9.3 Verify SNMP monitoring

# From the SNMP pod, test connectivity to the NGFW
kubectl exec -it -n web-agents deployment/snmp-exporter -- sh
snmpwalk -v2c -c <community> 10.254.254.3 1.3.6.1.2.1.1.1.0

# Expected: sysDescr of the NGFW

9.4 Verify TLS Leg 2 (NGFW trusts webserver cert)

Check NGFW logs for TLS errors on the outbound leg. If you see certificate validation failures toward 10.1.x.x (Synthetic Personas) or 10.2.x.x (Cloned Personas), the persona-ca was not imported correctly.

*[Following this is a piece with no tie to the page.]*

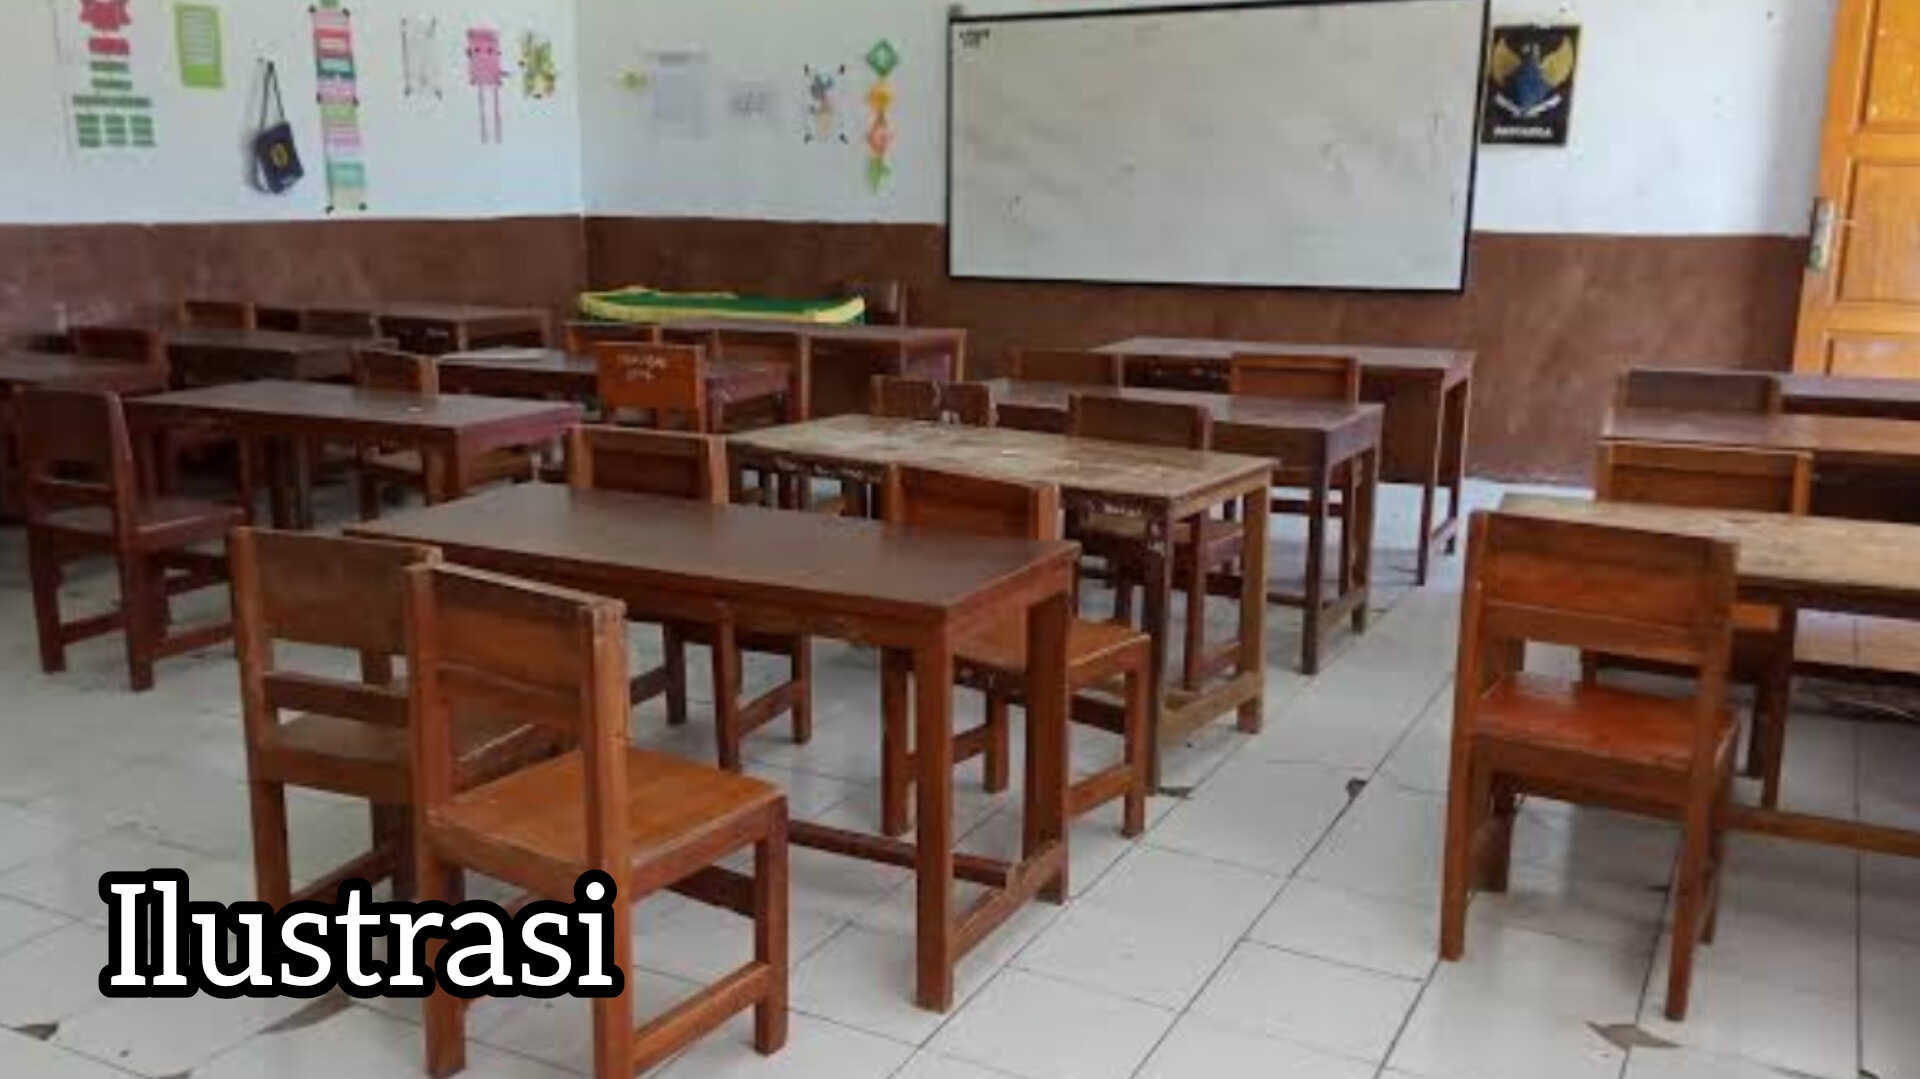 Sekolah Negeri Overload, Nasib Sekolah Swasta di Kota Prabumulih di Ujung Tanduk?

# On the cluster: confirm the webserver certificate chain
echo | openssl s_client -connect 10.1.1.2:443 2>/dev/null \
  | openssl x509 -noout -issuer -subject

# Expected (before NGFW interception — direct from Ubuntu server):
# issuer=CN=Persona CA  (or similar — the persona-ca-issuer CN)
# subject=CN=shop.persona.internal

10. Troubleshooting

Symptom Likely cause Fix
Agents get CERT_AUTHORITY_INVALID ngfw-ca not installed in cluster, or agents not restarted Re-run kubectl create configmap ngfw-ca ... and kubectl rollout restart deployment/web-agent
NGFW shows TLS Leg 2 cert validation error persona-ca not imported in NGFW trust store Export persona-ca.pem from cluster (kubectl get secret persona-ca-bundle ...) and import in NGFW trusted CA store
HTTP/3 connections fail but HTTP/2 works NGFW doesn't support QUIC inspection Block UDP 443 on NGFW to force HTTP/2 downgrade; note this in test results
Agents can't reach persona IPs (10.1.x.x) Missing routes or NGFW policy blocking Check NGFW security policy allows 172.16.0.0/16 and 172.17.0.0/16 to 10.1.0.0/16
SNMP exporter shows no data from NGFW NGFW SNMP not enabled, wrong community, or VLAN 99 not reachable Verify NGFW SNMP is enabled with community public (or matching observability/snmp/snmp.yml); verify VLAN 99 IP 10.254.254.3 is pingable
TLS inspection not triggered SSL policy not attached to access rule, or zones misconfigured Verify source/destination zones match agent and persona interfaces
Certificate errors after persona cert renewal NGFW cached old cert fingerprint Cert-manager auto-renews persona certs every 11 months; Stakater Reloader restarts Caddy pods — no NGFW change needed

For test-bed architecture details, see docs/ARCHITECTURE.md. For deployment instructions, see docs/UBUNTU_K3S_SINGLENODE_QUICKSTART_DEPLOY.en.md. For the automated Kubernetes installer, see scripts/k8s-install.sh.